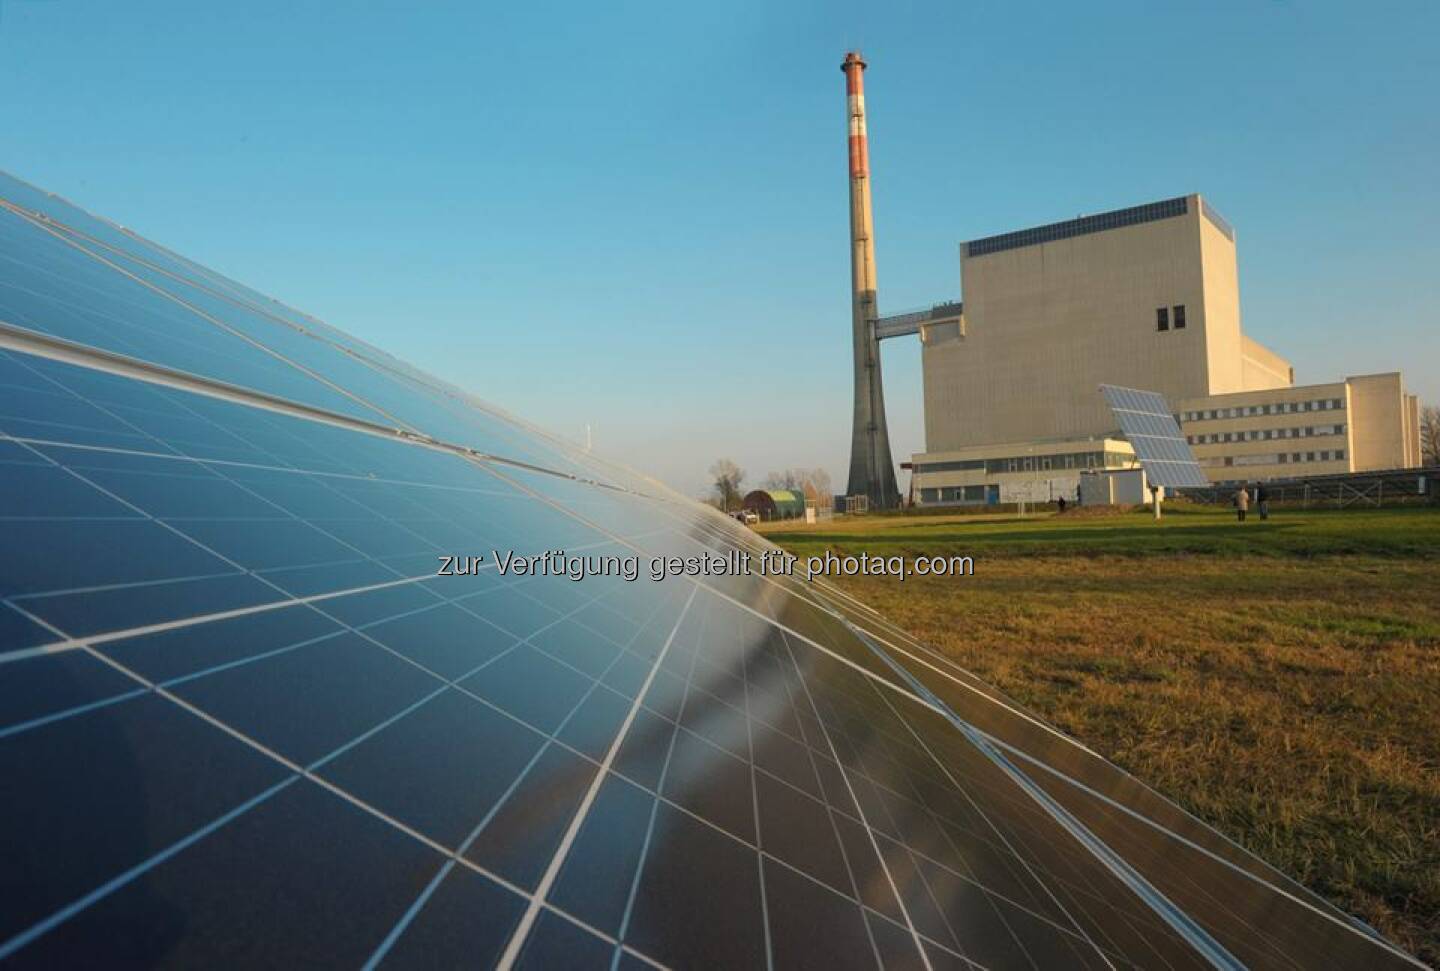 Sonne statt AKW.

Seit 2010 ist das EVN Photovoltaik-Forschungszentrum Zwentendorf da in Betrieb, wo einst ein Atomkraftwerk entstehen sollte. Mehr lesen: http://bit.ly/EVN_Photovoltaik

Foto: Moser  Source: http://facebook.com/EVN

□ □ □

### What needs to be done:
Find the lines above that include the string "http" and copy them.

### Expected answer:
Seit 2010 ist das EVN Photovoltaik-Forschungszentrum Zwentendorf da in Betrieb, wo einst ein Atomkraftwerk entstehen sollte. Mehr lesen: http://bit.ly/EVN_Photovoltaik
Foto: Moser  Source: http://facebook.com/EVN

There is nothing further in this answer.